Trump disse hoje que eles fogem do que chamou de “situação terrível” na África do Sul, país onde nasceu seu assessor Elon Musk, o homem mais rico do mundo. O presidente americano considera que eles estão sendo assassinados e usou a palavra “genocídio”.

“Estendemos a cidadania a essas pessoas para que fujam dessa violência e venham para cá. São brancos, mas, para mim, não faz diferença se são brancos ou negros”, afirmou Trump.

– Negação –

O presidente sul-africano, Cyril Ramaphosa, negou a acusação de que os africâneres são perseguidos e disse ter ressaltado isso a Trump por telefone.

“Um refugiado é alguém que tem que deixar o seu país por medo de perseguição política, religiosa ou econômica”, disse Ramaphosa. “Eles não se encaixam nessa categoria.”

“Somos o único país do continente onde os colonizadores vieram para ficar e nunca os expulsamos”, ressaltou o presidente, durante um fórum em Abidjan, na Costa do Marfim.

O chanceler sul-africano, Ronald Lamola, também negou que os africâneres sejam vítima de perseguição ou assassinatos.

A embaixada dos Estados Unidos em Pretória divulgou hoje seus critérios para o processo de solicitação de asilo: eles devem “ser capazes de mostrar uma experiência passada de perseguição ou medo de uma perseguição futura”.

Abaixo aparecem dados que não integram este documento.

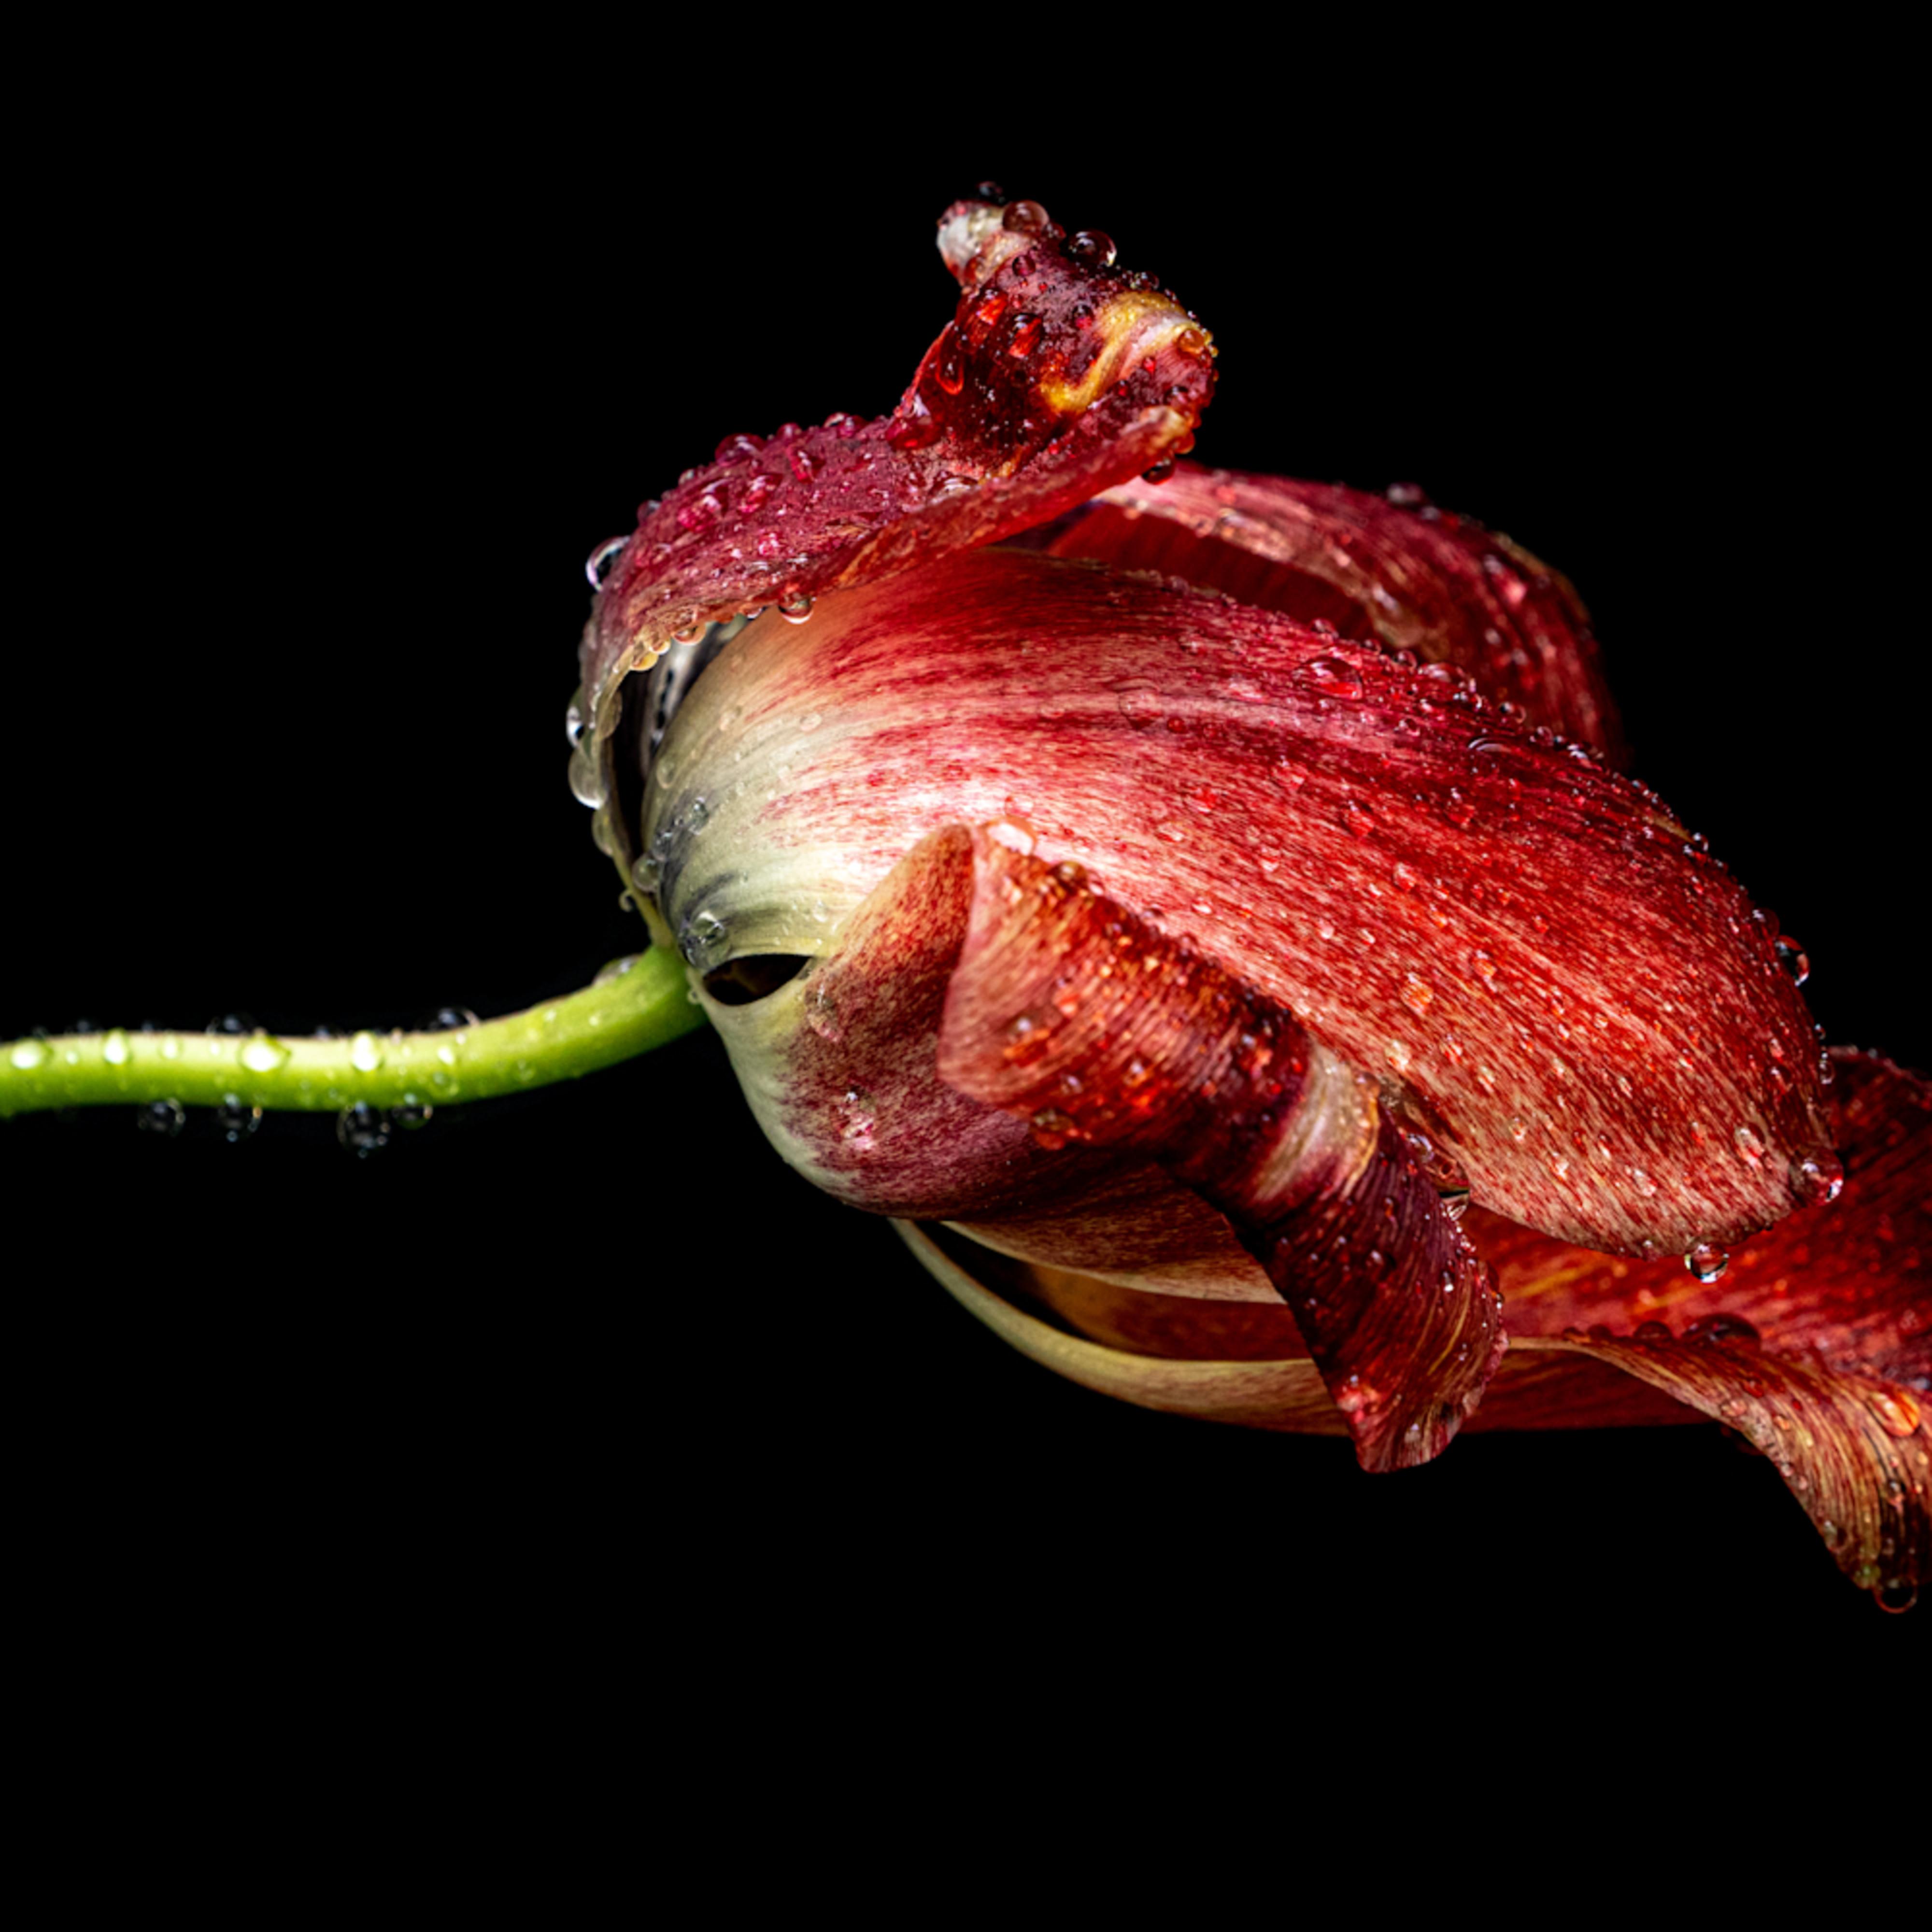 Twp flowers 20200525 0001 dtiudp

O grupo de identidade africâner AfriForum registrou 49 assassinatos de agricultores em 2023 e 50 no ano anterior. O país registra uma média de 75 assassinatos por dia, dos quais a maioria das vítimas são jovens negros que vivem em áreas urbanas, segundo dados oficiais.

– ‘Além do absurdo’ –

Para o autor africâner Max du Preez, atribuir aos brancos o status de vítimas na África do Sul vai “além do absurdo”. “As pessoas que fugiram agora provavelmente foram motivadas por questões financeiras ou por falta de vontade de viver em uma sociedade pós-apartheid onde os brancos já não têm o controle.”

Os sul-africanos brancos, que representam 7,3% da população, desfrutam de um padrão de vida superior ao da maioria negra do país. Os governos liderados por africâneres impuseram um sistema de segregação racial que negou à maioria negra direitos políticos e econômicos de 1948 até a sua queda, em 1994.

A cooperação entre os Estados Unidos e a África do Sul passa por um momento de turbulência devido a vários temas, como a relação com a China e o pertencimento ao bloco Brics, além de os sul-africanos terem acusado Israel de praticar “atos genocidas” durante sua ofensiva militar na Faixa de Gaza, o que o governo israelense nega.